Work to be completed -> Leave the pictures out, and repeat exactly every line from the one with "dubai directory - Emirates Post Office" through the end of the data below.

Data provided ->
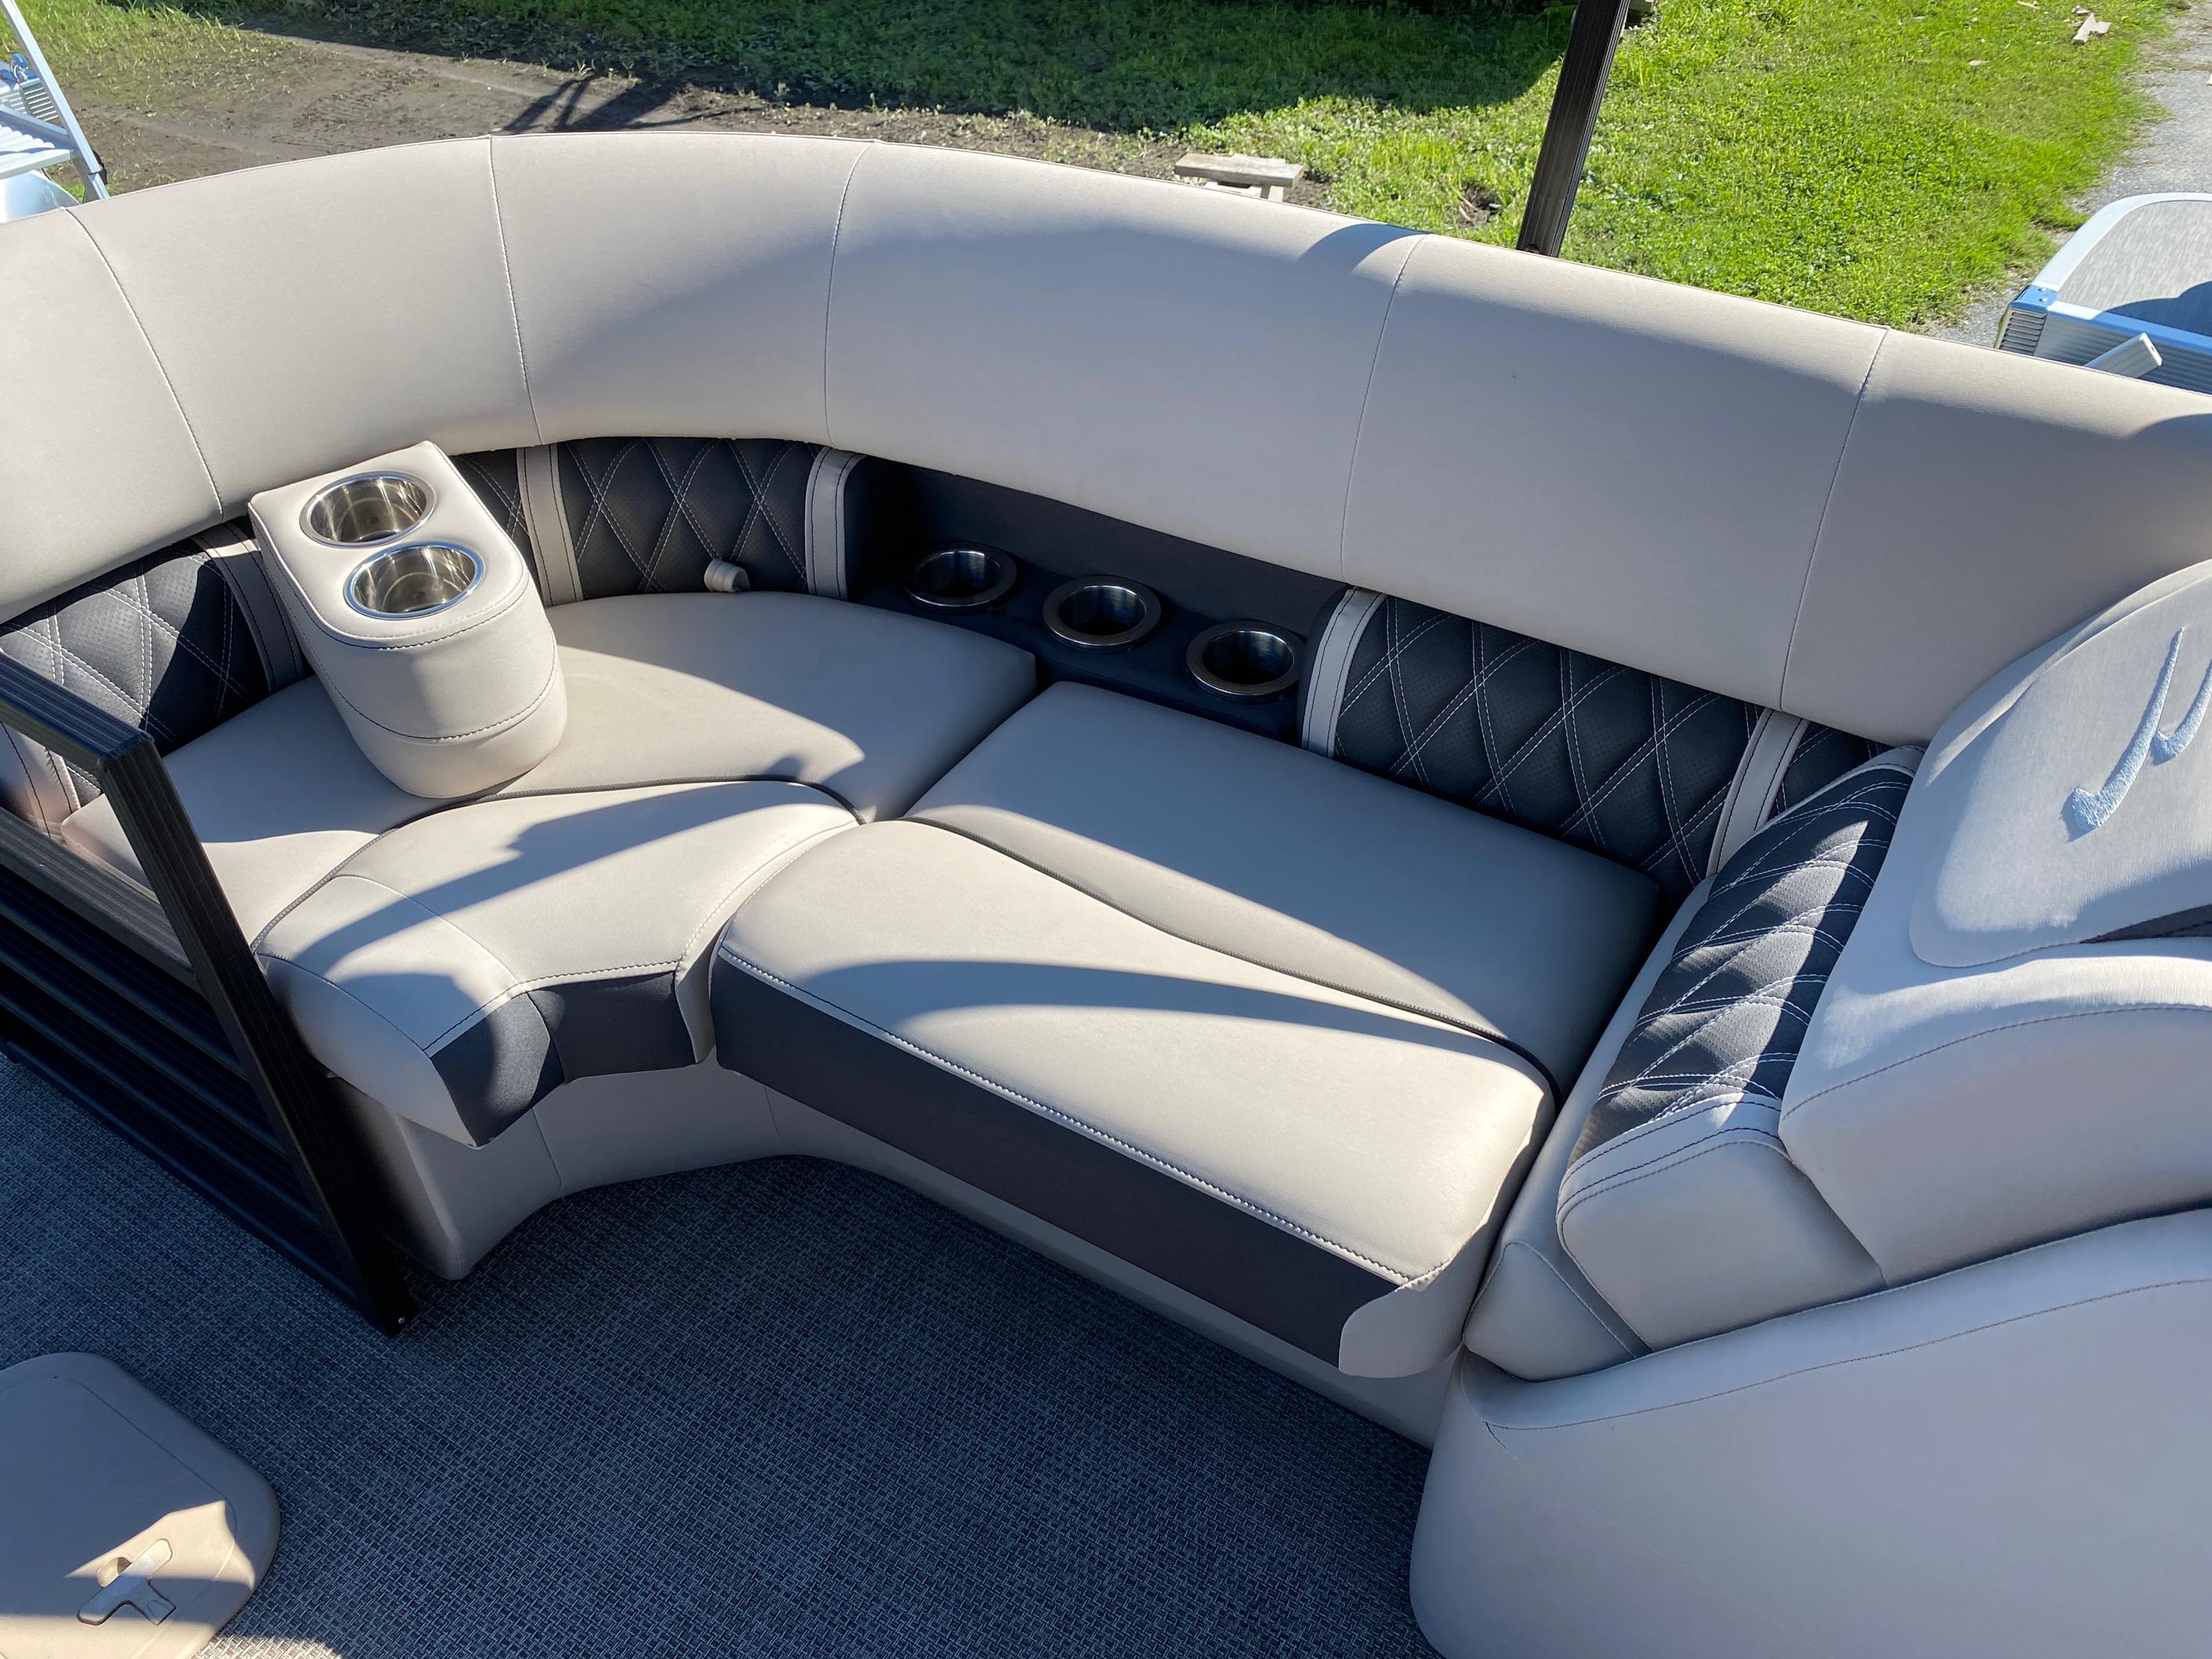 2019 Bennington boat for sale, model of the boat is 23 GSR & Image # 9 of 10
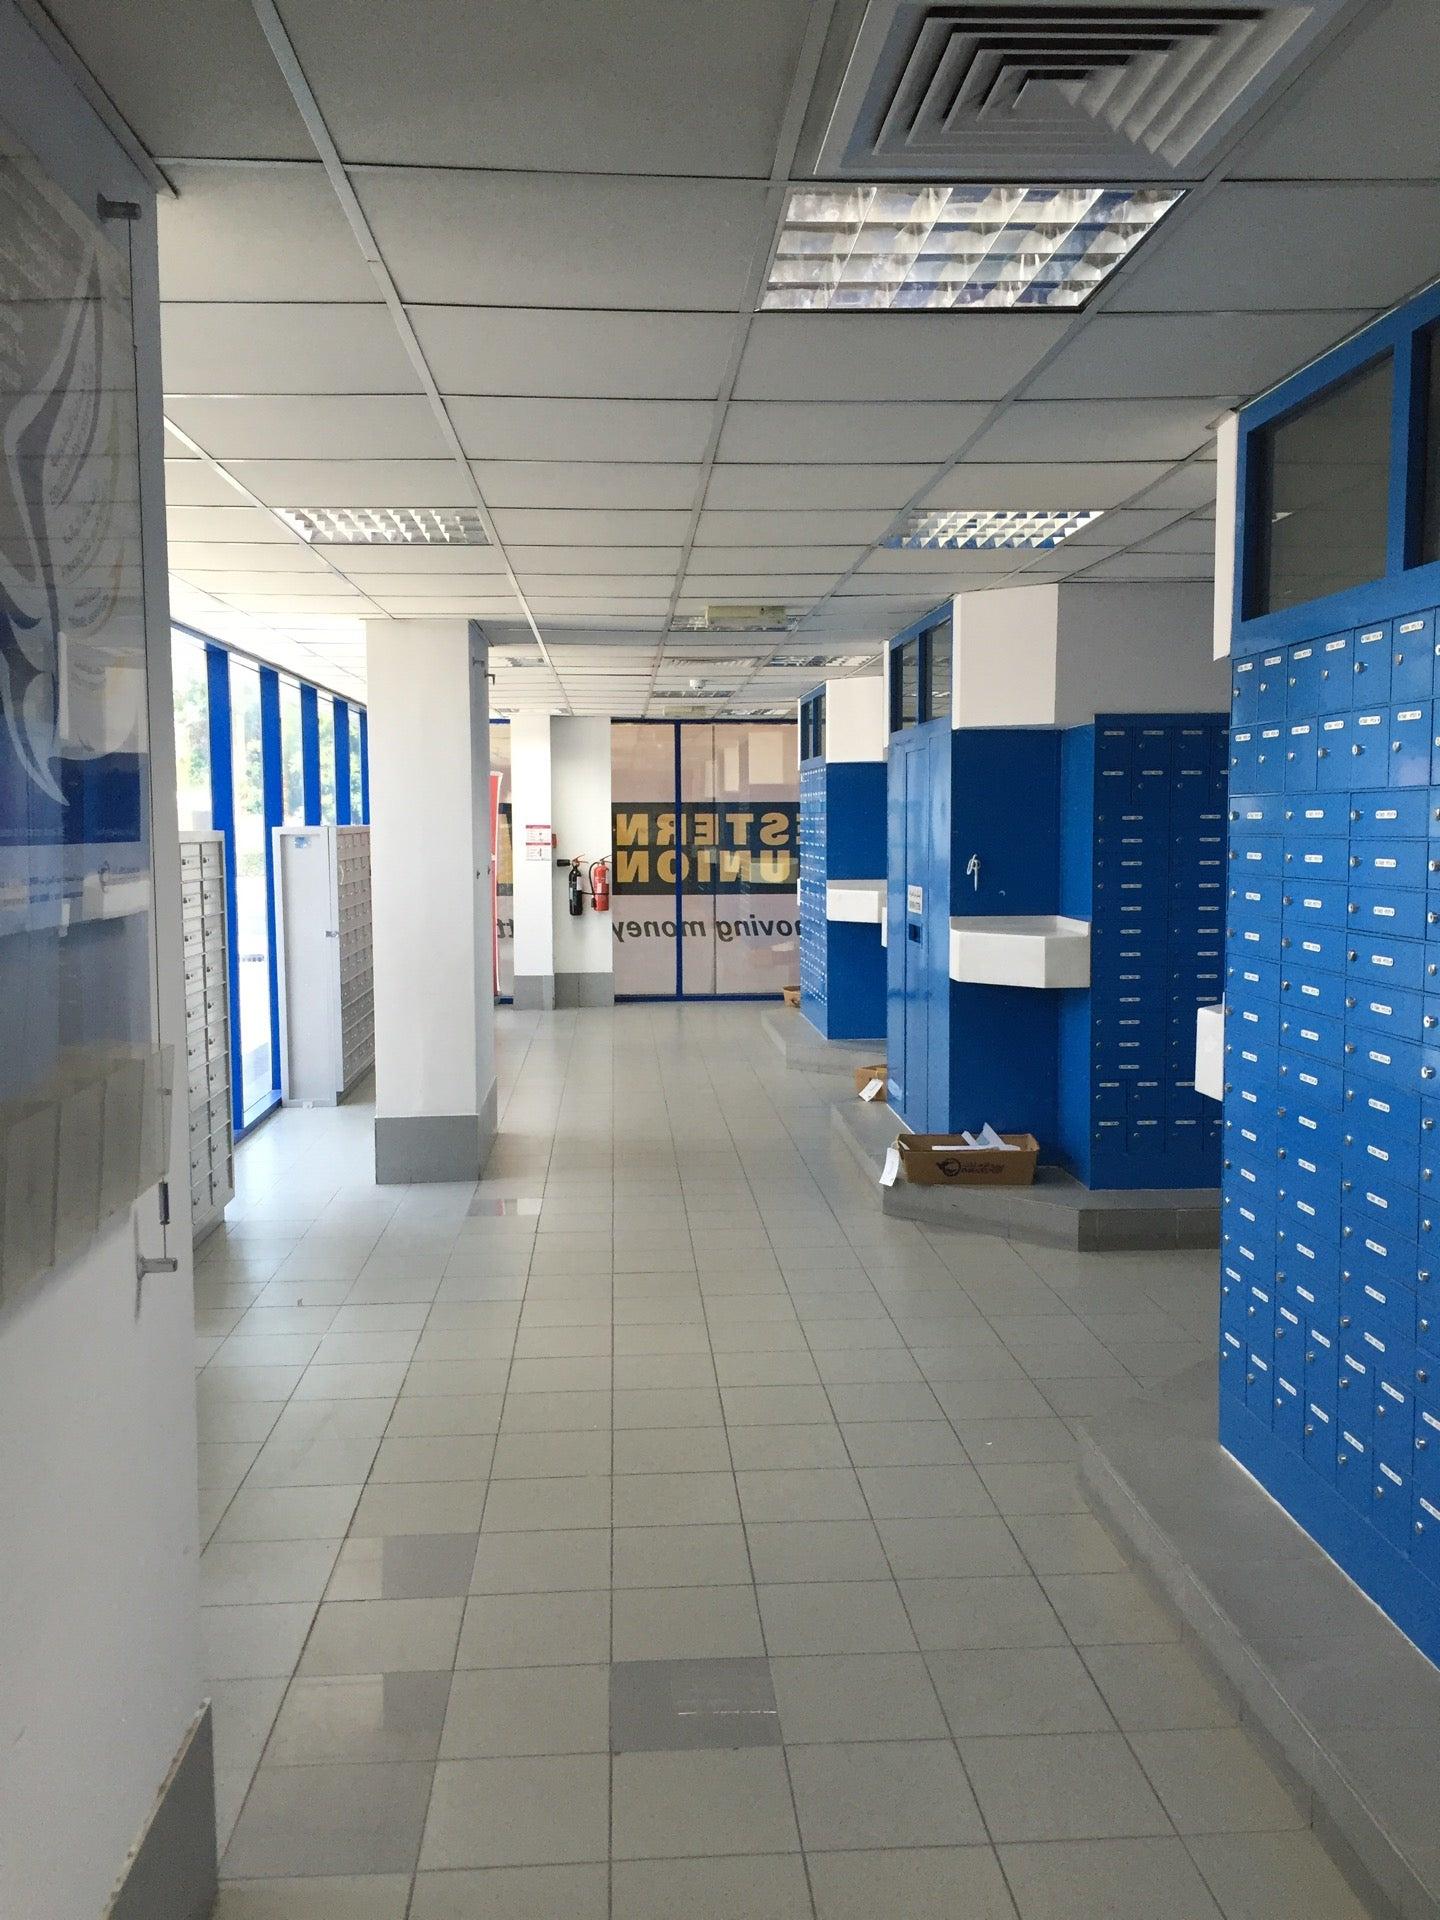 dubai directory - Emirates Post Office
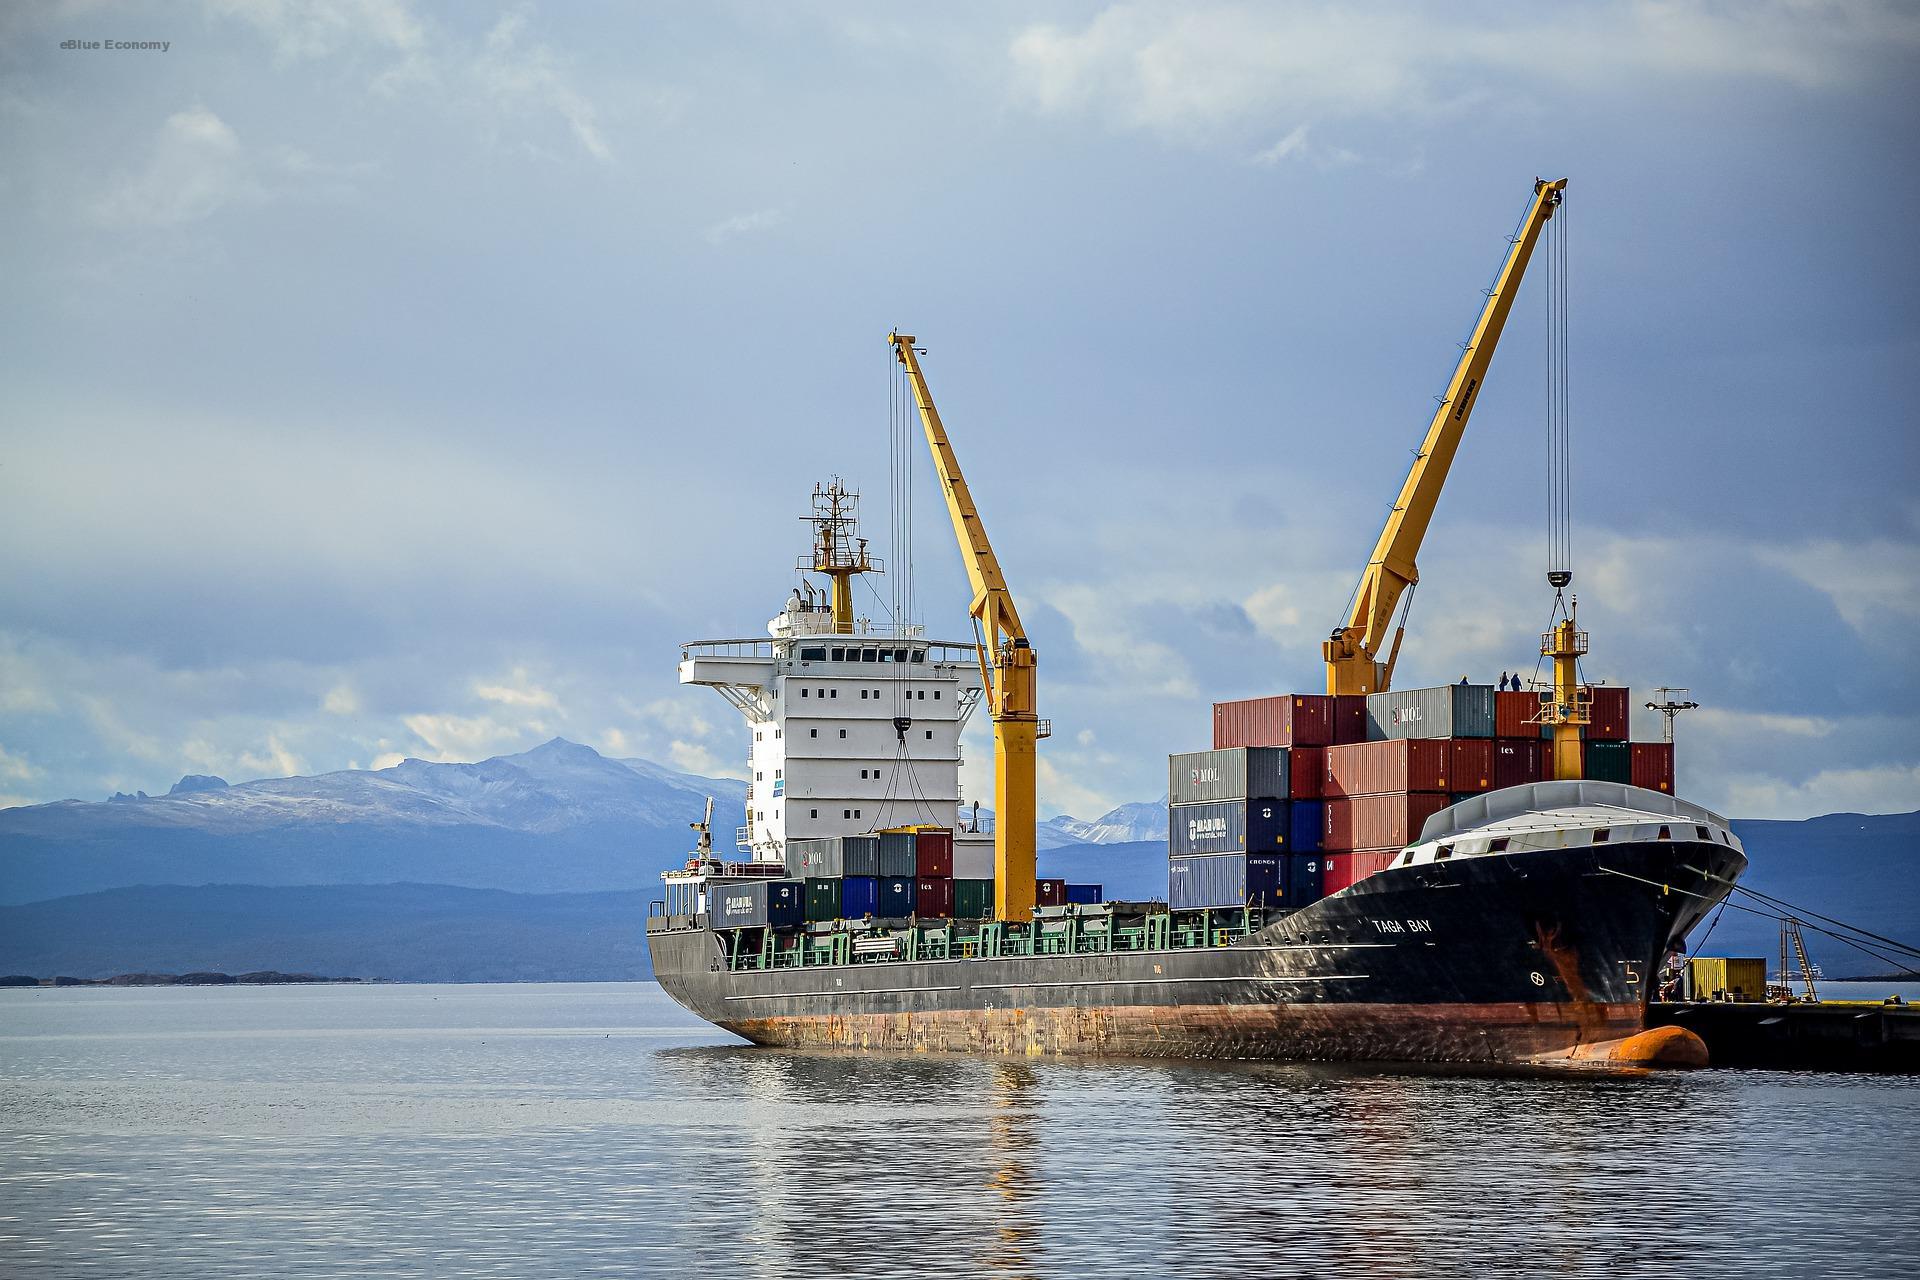 eBlue_economy_DSME plans global alliance to develop green shipbuilding technologies

Solved exercise ->
 dubai directory - Emirates Post Office
 eBlue_economy_DSME plans global alliance to develop green shipbuilding technologies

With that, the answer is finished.